Agent of LLM (5) | AgentTuning: Tsinghua University and Zhipu AI proposed AgentTuning to improve the ability of large language model agents

​论文地址:https://arxiv.org/pdf/2310.12823.pdf

Github地址:https://github.com/THUDM/AgentTuning

       ChatGPT has brought about the vigorous development of large models, and open source LLMs have emerged in endlessly. Although these open source LLMs perform well in their respective tasks, there is still a big gap between the effects of commercial models as AI agents in real environments, such as ChatGPT and GPT. -4 etc. Agent uses LLM as the core controller to complete functions such as task planning, memory, and tool use. This requires both fine-grained prompt methods and powerful LLMs to obtain satisfactory performance.

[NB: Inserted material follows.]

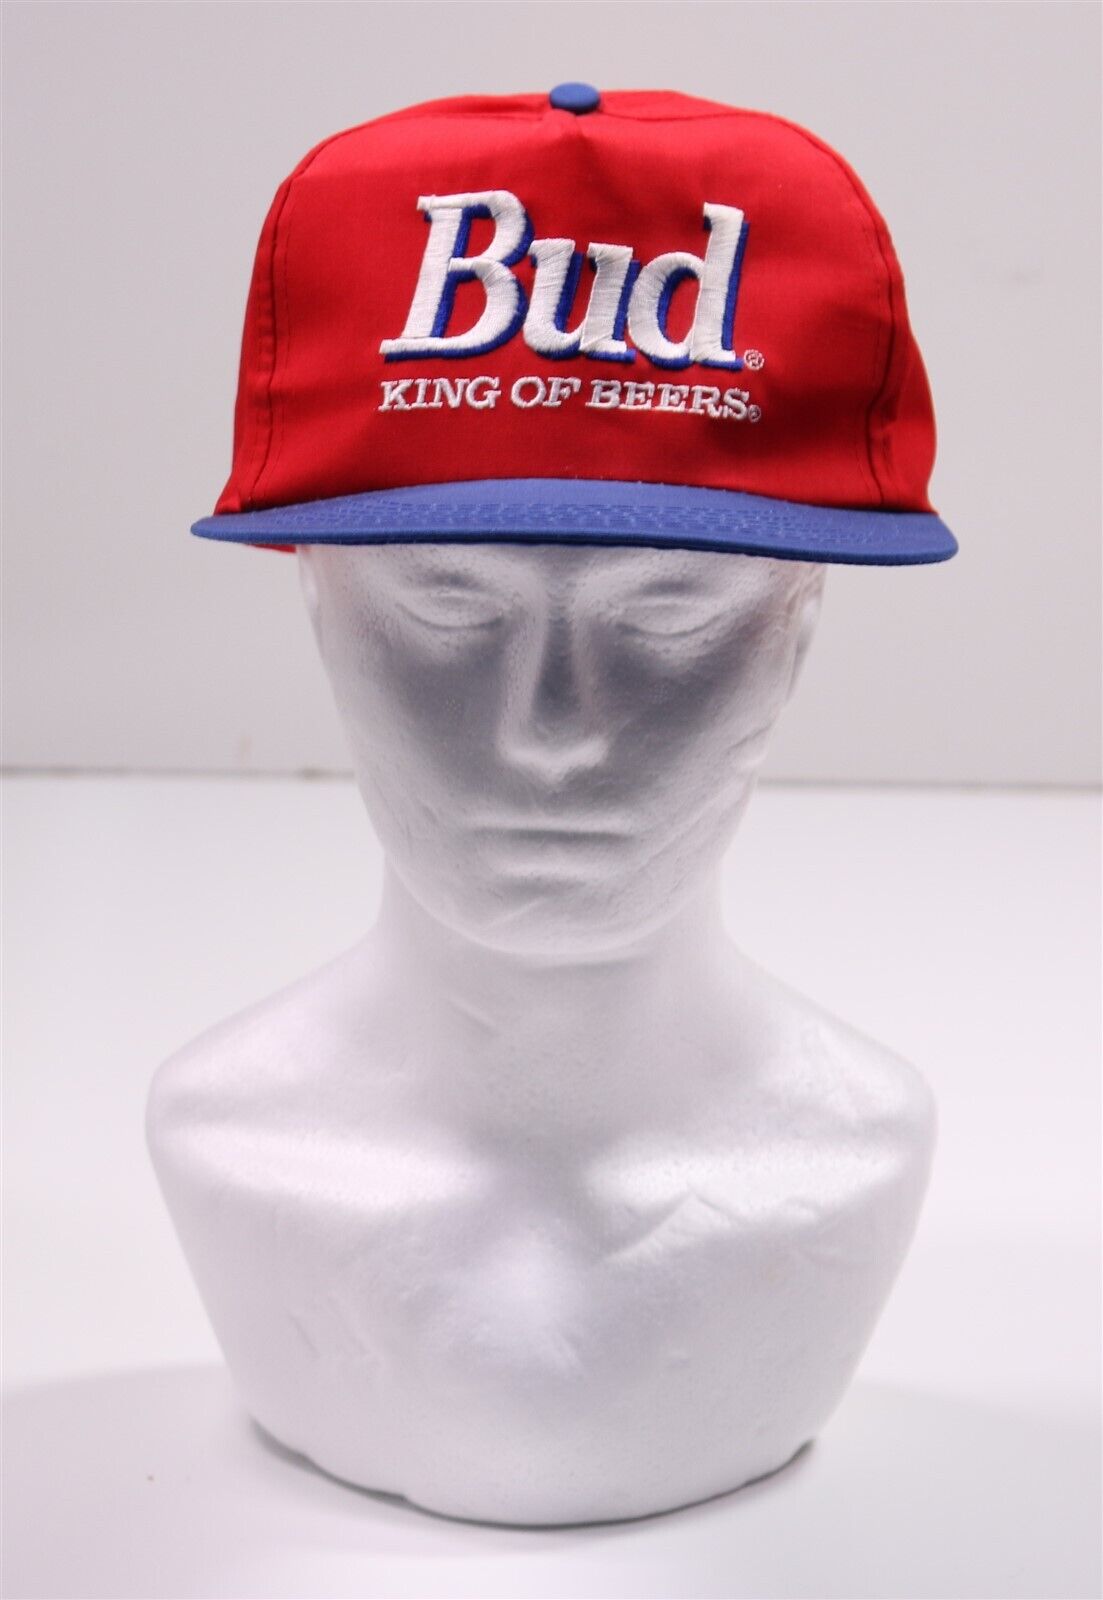 Bud King of Beers Vintage 1990\'s 1980\'s Embroidered Snapback Hat Red/Blue Rare

       Existing research on LLM agent capabilities mainly focuses on designing tips or building frameworks to complete a specific agent task, but does not fundamentally improve the general agent capabilities of LLM itself. Many related works focus on improving the capabilities of LLM in specific aspects, often at the expense of its general capabilities and reducing its generalization capabilities. In response to the above problems, Tsinghua University and Zhipu AI proposed the AgentTuning method.

       AgentTuning is a simple and universal method that can enhance LLM's Agent capabilities while maintaining its general LLM capabilities. The specific method of AgentTuning is to first construct a lightweight instruction tuning data set AgentInstruction containing high-quality interaction trajectories, and then use a hybrid instruction fine-tuning strategy to combine AgentInstruction with open source instructions from general fields. AgentTuning performs instruction fine-tuning on the Llama 2 series model to generate AgentLM.

1. Introduction to AgentTuning method

       For an agent task, the interaction trajectory of the LLM agent can be recorded as the conversation history (u1, a1,..., un, an). Considering that existing dialogue models usually include two roles, user and model, ui represents the input from the user, and ai represents the response from the model. Each trajectory has a final reward r∈[0,1], reflecting the task’s finished condition.

Two, ConstructionAgentInstruction number collection

        The instruction data of large language models has been widely used in pre-trained LLM to obtain better instruction following capabilities, such as FLAN and InstructGPT models. However, it is much more difficult to collect instructions for Agent tasks because it involves the Agent's interaction trajectory in a complex environment. There are three main stages in the construction of the AgentInstruction data set: instruction construction, trajectory interaction and trajectory filtering. The entire process is fully automated using GPT-3.5 (GPT-3.5-turbo-0613) and GPT4 (GPT-4-0613), allowing the method to be easily extended to new Agent tasks.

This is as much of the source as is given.